Sonrió de una forma tan espontánea y completa que sus ojos se nublaron
durante un par de segundos. Llegó su mayor sueño cumplido imaginado, su propio
Nirvana. Ya era una realidad.
Salió de la habitación y fue hacia la vasta extensión de viñedos que
se extendían en el exterior del complejo de oficinas. Cogió una cesta, y siguió
un sendero angosto que le llevaba hacia el centro de las zonas de cultivos,
donde se encontraba una gran escultura de su tatarabuelo, el fundador de las
bodegas, bajo la cual se situaba una majestuosa cepa. Era el gran tesoro
familiar.
La familia de Max siempre fue vinicultora, no le alcanzaba la memoria
para recordar cuantos de sus antecesores habían vivido gracias a la esencia líquida
de la uva. Era tal la pasión de los Sansourire por su trabajo, que tenían la
costumbre de celebrar la llegada de un nuevo miembro al clan con la creación de
una botella, destinada a ser conservada por su descendiente hasta el día mas
feliz de su vida, el día en el que sus sueños se hicieran realidad. Podía ser
una tradición absurda, pero todas en el fondo lo son, ésta al menos tenía una
finalidad. Tus sueños se pueden cumplir y el esfuerzo tiene su recompensa.
Recogió el cesto y lo llevó al edificio contiguo a la zona de
oficinas, donde le esperaba Simon, un hombre rudo, curtido por las incontables
horas de sol pasadas vendimiando. Había sido el gran apoyo de Max desde que su
hermano mayor Laurent, su mas eterno compañero, había fallecido durante el asalto a una gasolinera.

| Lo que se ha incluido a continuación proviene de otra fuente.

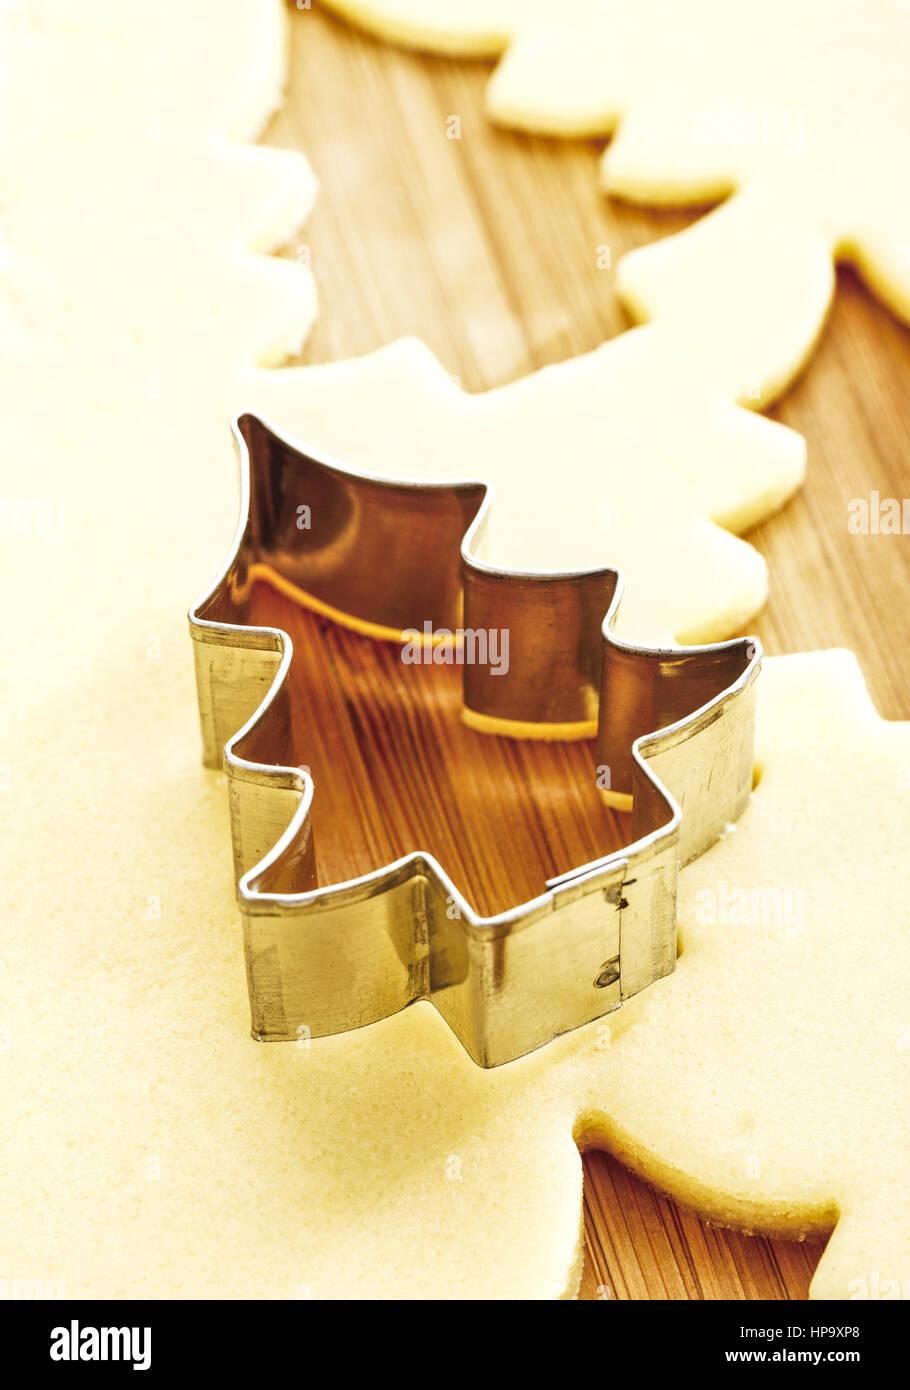 Tannenbaum Puzzle.Tannenbaum Form Stock Photos Tannenbaum Form Stock Images Alamy

Una broma macabra demasiado pesada, considerando que sólo paró a
descansar. Casi tanto como la de sus padres, que habían muerto siendo ellos
adolescentes, la vida en el campo es muy sacrificada, y la esperanza de vida no
suele ser elevada.
Max siempre se lo agradeció a Simón, habiéndole ascendido durante los
años hasta convertirle en su mano derecha. Si no sabía o no podía realizar una
tarea, se encargaba de buscar a quien sí pudiera llevarla a cabo, era eficaz y
eficiente. Max creía que llegaría lejos, y se alegraba de tener tan buen
empleado a su lado.
-
Simón, ha llegado el gran día, voy para el hospital.

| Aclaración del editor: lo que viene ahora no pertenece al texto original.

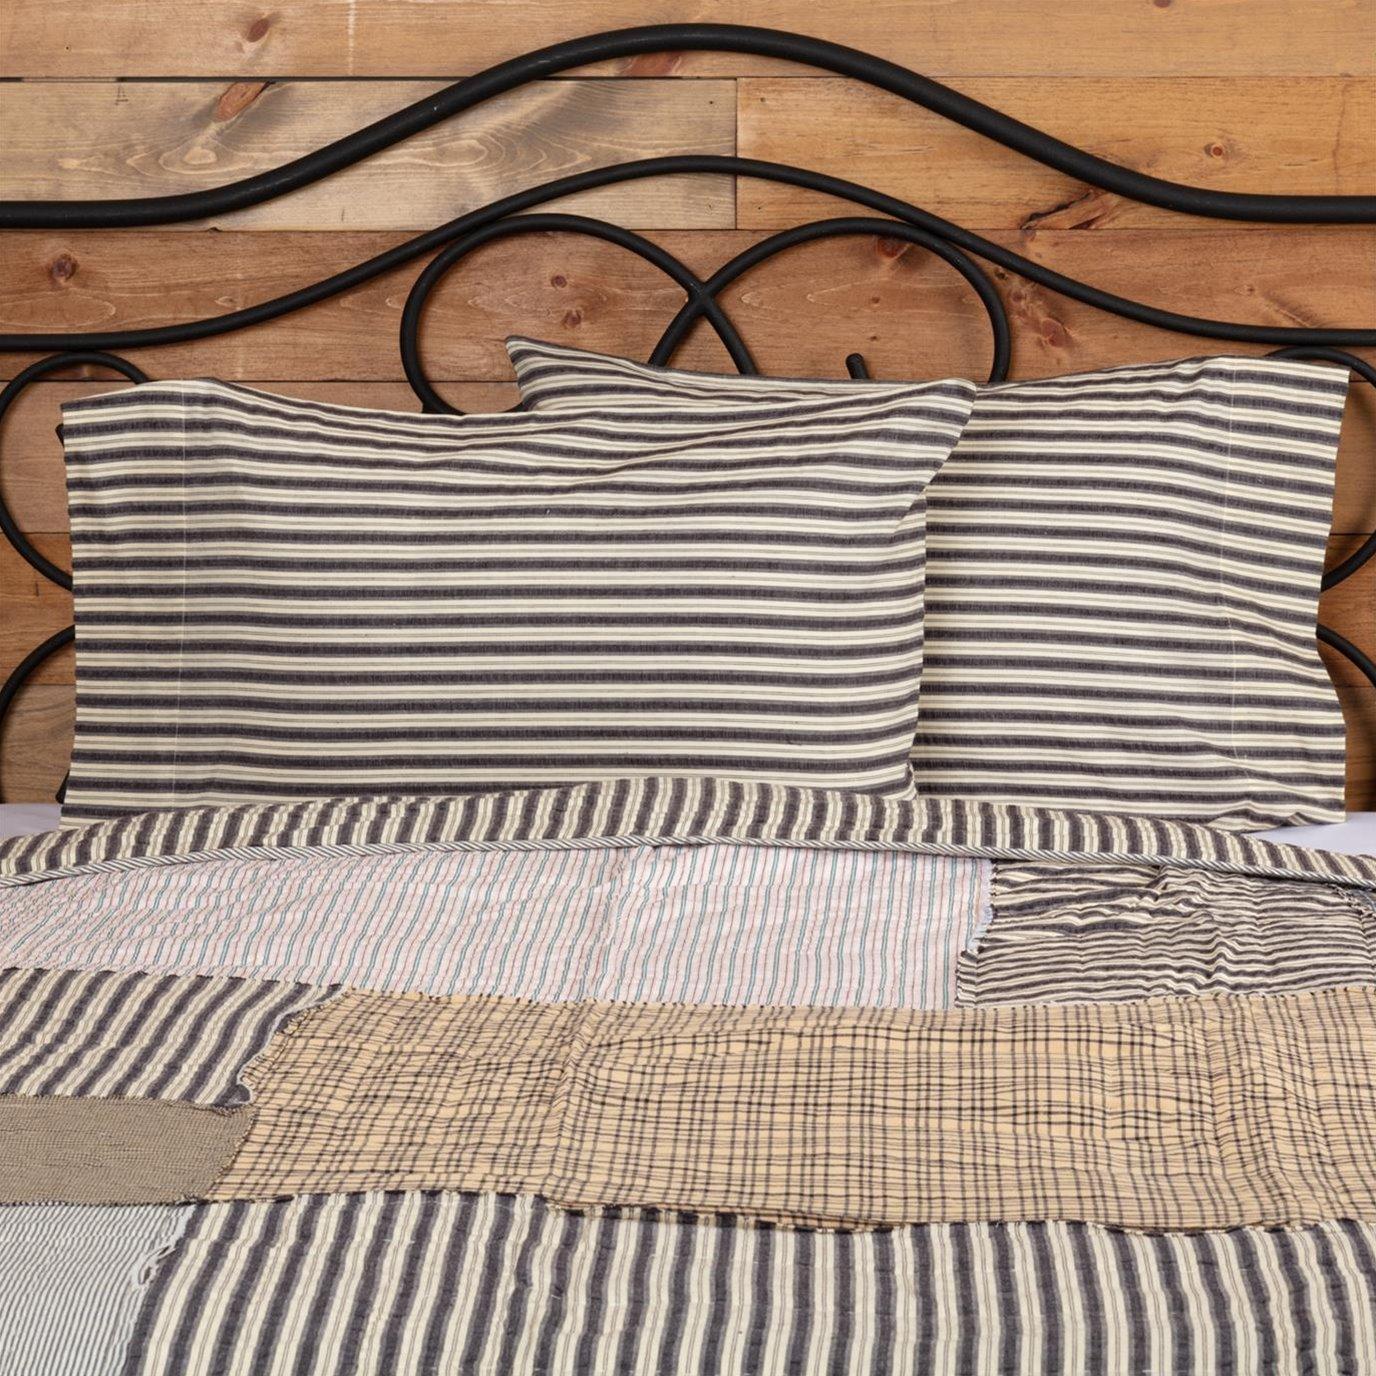 Ashmont Ticking Stripe Standard Pillow Case Set of 2 21x30

Encárgate del cesto, nos veremos allí.
-
¿Pero al final lo han conseguido? ¿Ha habido suerte?
-
Si, es una niña, por fin un nuevo Sansourire.
-
Vaya, se me acabó el chollo, ya nunca podré hacerme con el
control de todo esto (dijo Simon a carcajadas, abrazando a Max).
-
Nunca he sido tan feliz…
-
Pues corre a ver a tu mujer, que te estará esperando
ansiosa y deja a tu amigo del alma ocuparse de todo, tendrás la botella en unas
horas.
-
Gracias, no se que hubiera hecho sin ti… verdaderamente
eres la primera persona a la que deseaba contar la gran noticia… no creo que
haya un amigo mejor.
-
En cuanto acabó su última frase, se dio la vuelta y marchó.
Cuatro horas mas tarde, Max vuelve a la oficina. Había dejado a
Evelyne dormida junto a su madre, la cual estaba radiante por ser abuela tras
tanto tiempo de espera. Vivía a quinientos kilómetros, y Max tenía todas las
noches de su vida para disfrutar de su mujer y su hija, ella sólo unos días al
año, con suerte.
Cuando entró en el despacho, se encontró sobre la mesa una botella.
Cogiéndola con la mano izquierda, escribió con su pluma sobre la etiqueta
“ADA”, y la volvió a depositar sobre su mesa. Acto seguido, cogió una copa de
cristal del minibar que se encontraba a la derecha de la puerta, y se sentó en
su butaca. Abrió uno de los cajones del escritorio, y sacó otra botella,
ligeramente cubierta de polvo, en cuya etiqueta se leía “MAX”.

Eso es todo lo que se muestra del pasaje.